🤖 AI Summary
This paper studies online sequential decision-making under stochastically missing reward signals, overcoming the limitation of classical UCB algorithms that require fully observable rewards. Addressing unknown and nonparametric missingness mechanisms, we propose the first Doubly Robust UCB (DR-UCB) algorithm: it explicitly models the missingness process by integrating doubly robust estimation with the upper confidence bound framework, achieving near-optimal $sqrt{T}$ worst-case regret without prior assumptions on the missingness mechanism. We theoretically establish high-probability convergence of DR-UCB under generalized dependence structures. Empirical simulations confirm that its empirical regret closely matches the theoretical bound. Our key contribution is the first incorporation of double robustness into online policy learning under nonparametric reward missingness, significantly enhancing both robustness and statistical efficiency of policy selection under incomplete feedback.
📝 Abstract
This paper investigates the challenges of optimal online policy learning under missing data.

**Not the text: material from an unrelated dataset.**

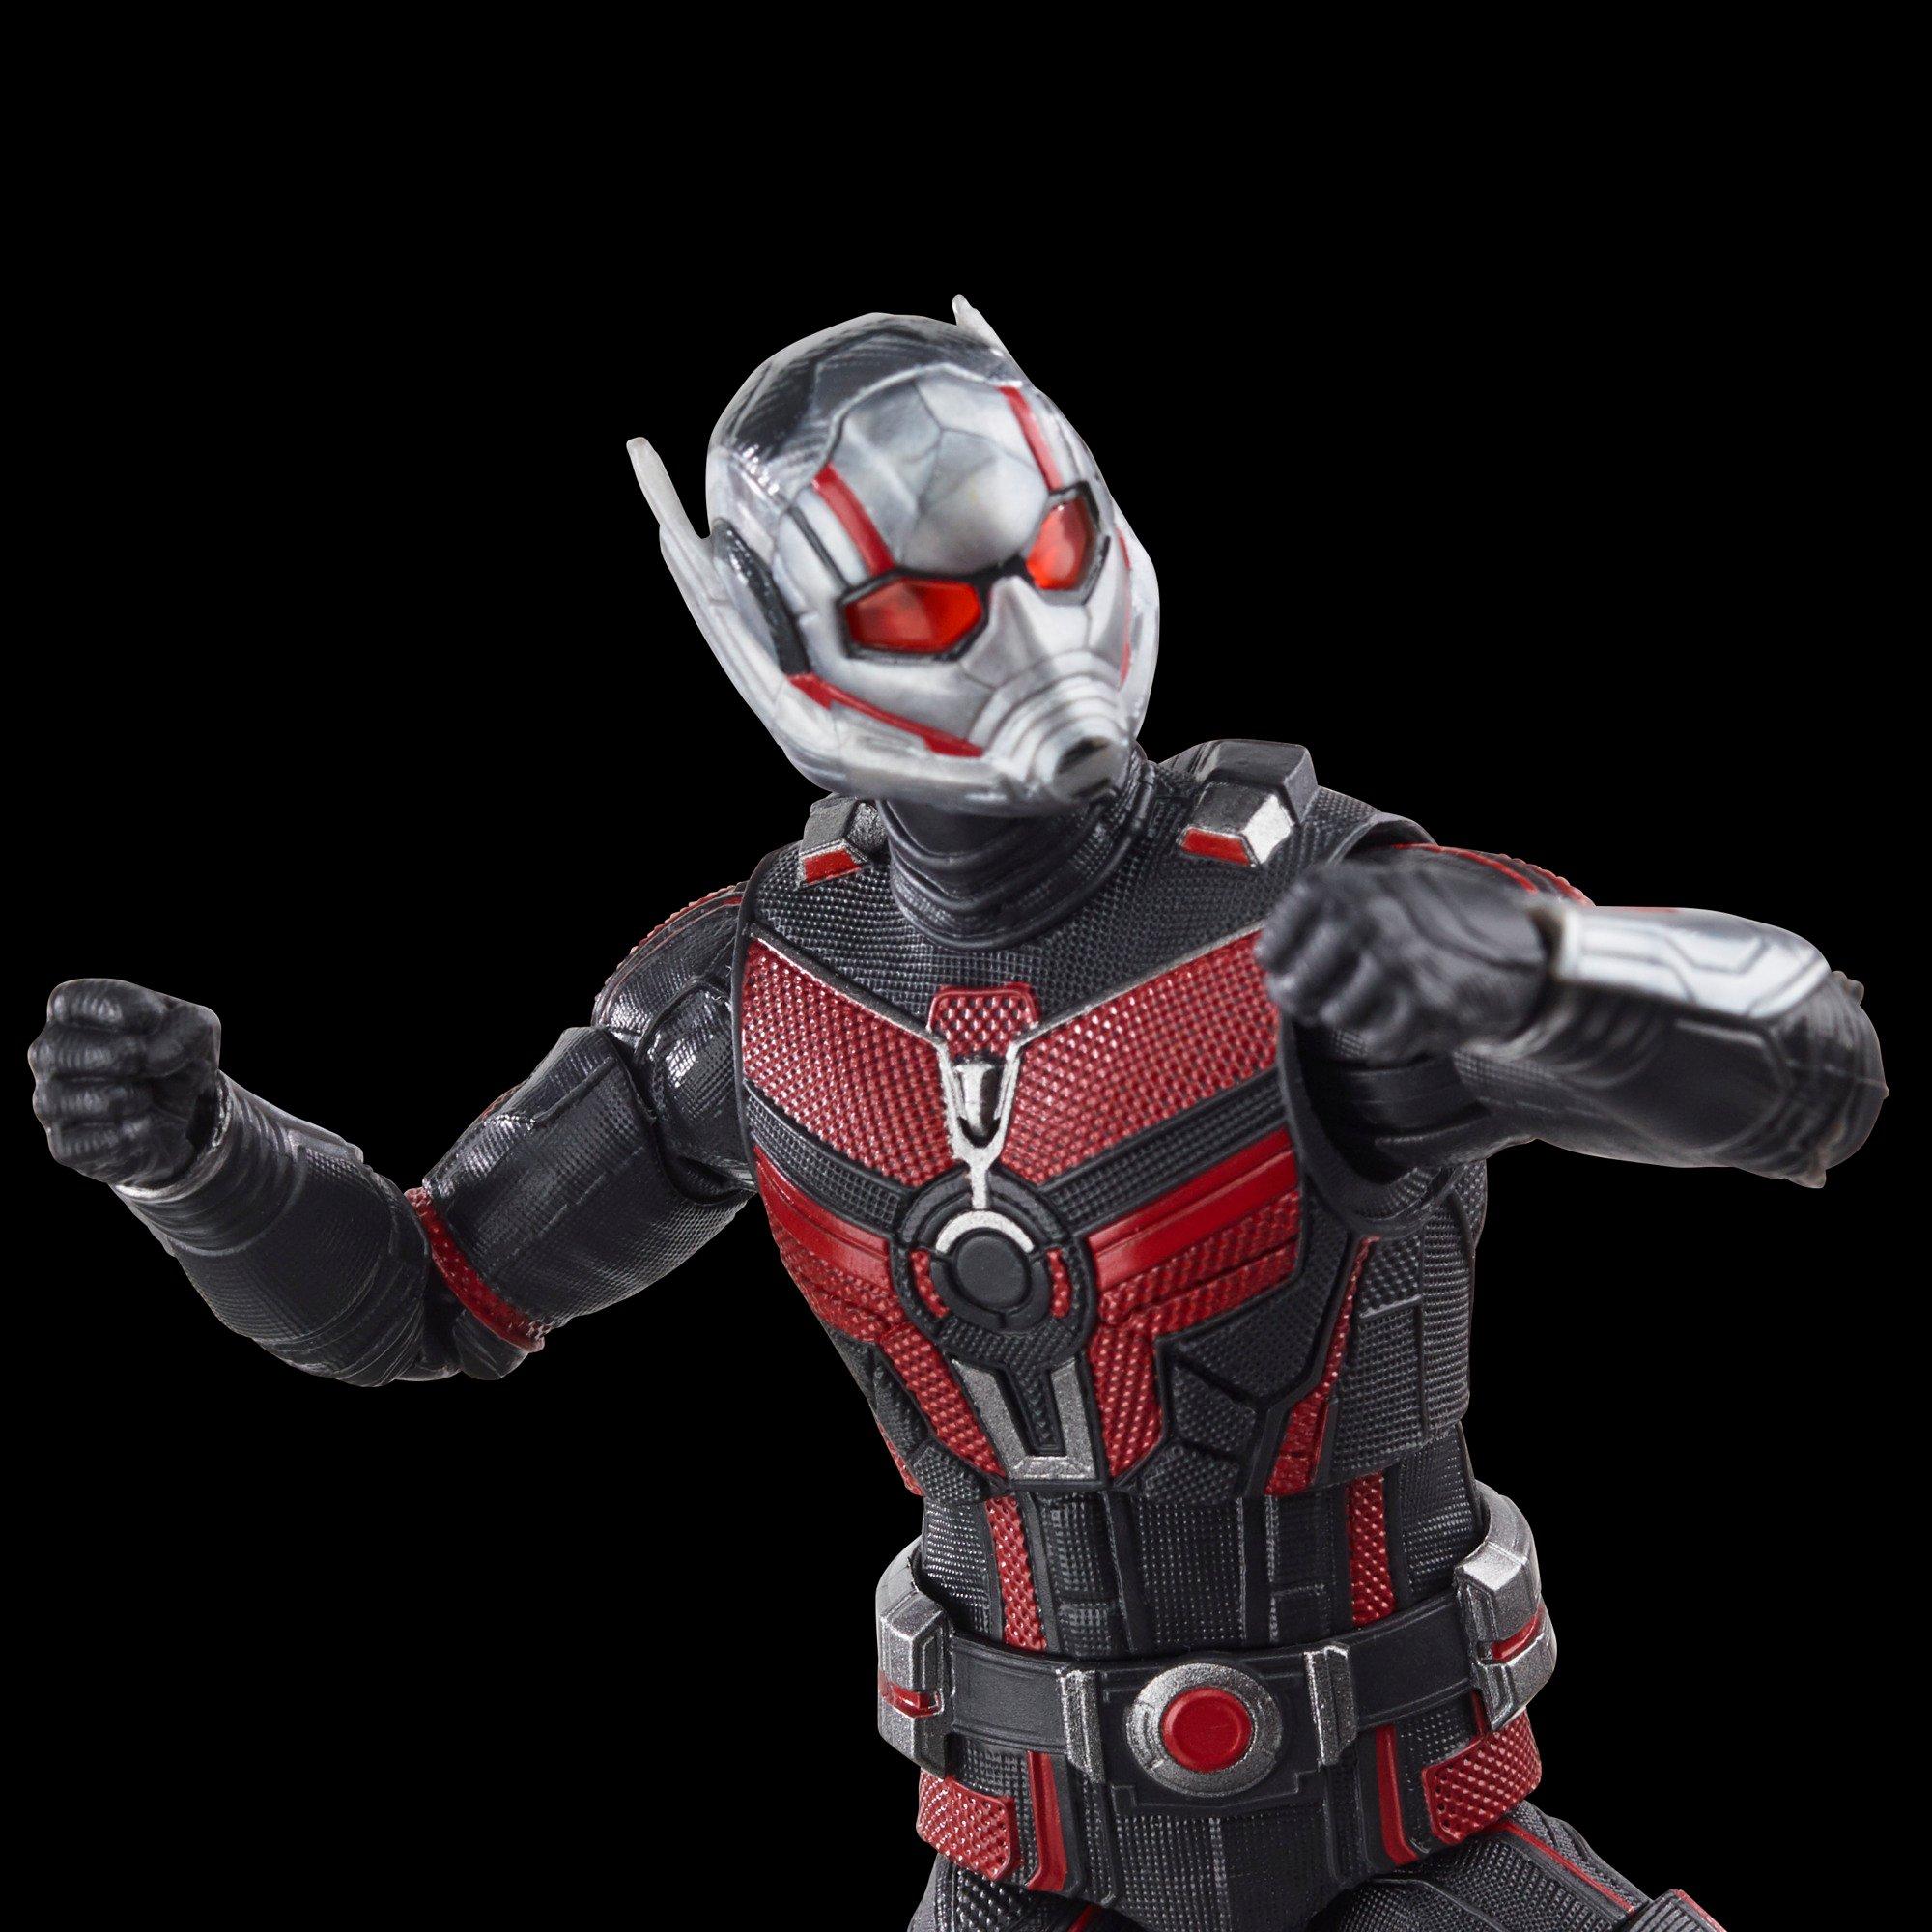  Marvel Legends Series Kang The Conqueror, Ant-Man & The Wasp:  Quantumania Collectible 6-Inch Action Figures, Ages 4 and Up : Toys & Games

State-of-the-art algorithms implicitly assume that rewards are always observable. I show that when rewards are missing at random, the Upper Confidence Bound (UCB) algorithm maintains optimal regret bounds; however, it selects suboptimal policies with high probability as soon as this assumption is relaxed. To overcome this limitation, I introduce a fully nonparametric algorithm-Doubly-Robust Upper Confidence Bound (DR-UCB)-which explicitly models the form of missingness through observable covariates and achieves a nearly-optimal worst-case regret rate of $widetilde{O}(sqrt{T})$. To prove this result, I derive high-probability bounds for a class of doubly-robust estimators that hold under broad dependence structures. Simulation results closely match the theoretical predictions, validating the proposed framework.